• ABOUT THIS EXERCISE
Using the records below, quote only the span that opens with the line containing "R8 (Gen 1) silhouette carbon fiber keychain" and closes with the line containing "Luxusní dámská kožená", exactly and inclusively.

[DATASET EXCERPTS Boundary: Start]

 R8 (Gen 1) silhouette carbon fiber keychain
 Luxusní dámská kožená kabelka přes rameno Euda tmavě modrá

[DATASET EXCERPTS Boundary: End]
[DATASET EXCERPTS Boundary: Start]

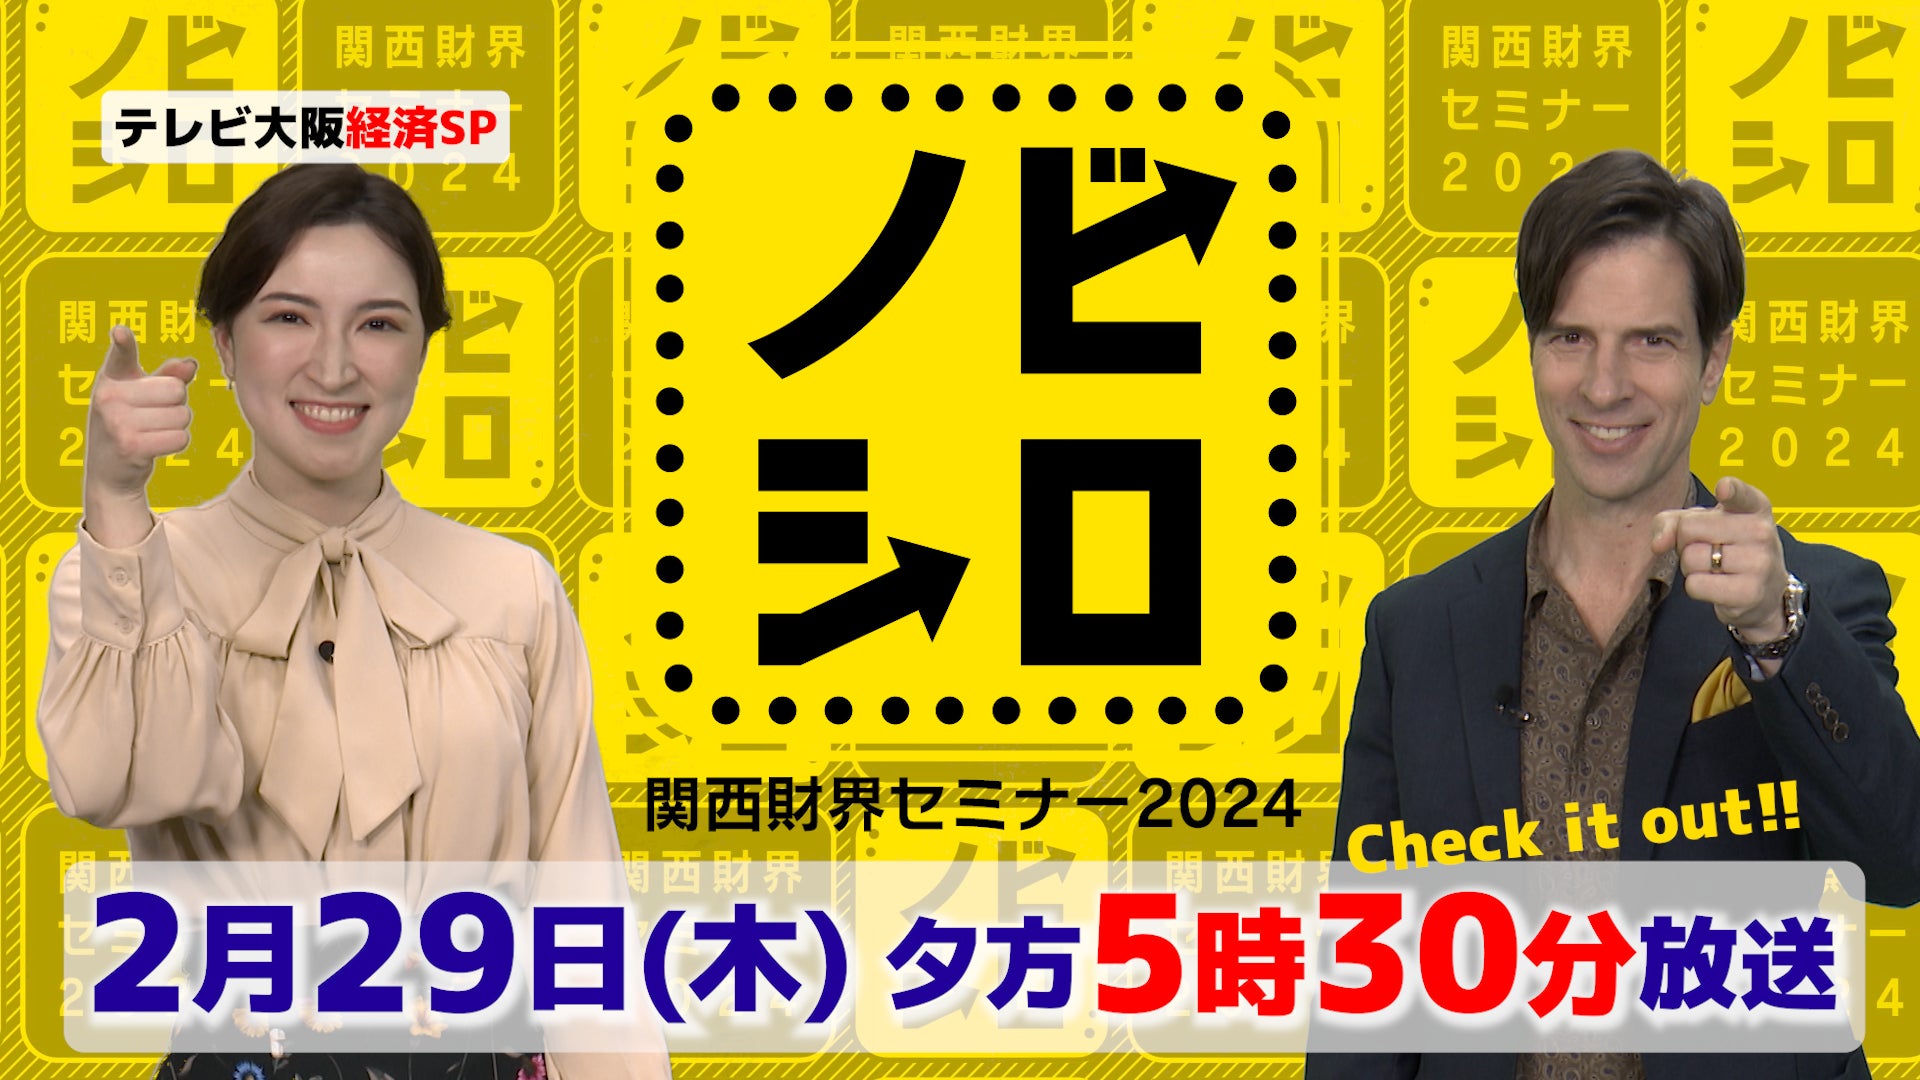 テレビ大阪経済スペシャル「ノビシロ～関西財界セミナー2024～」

[DATASET EXCERPTS Boundary: End]

• TASK RESULT
 R8 (Gen 1) silhouette carbon fiber keychain
 Luxusní dámská kožená kabelka přes rameno Euda tmavě modrá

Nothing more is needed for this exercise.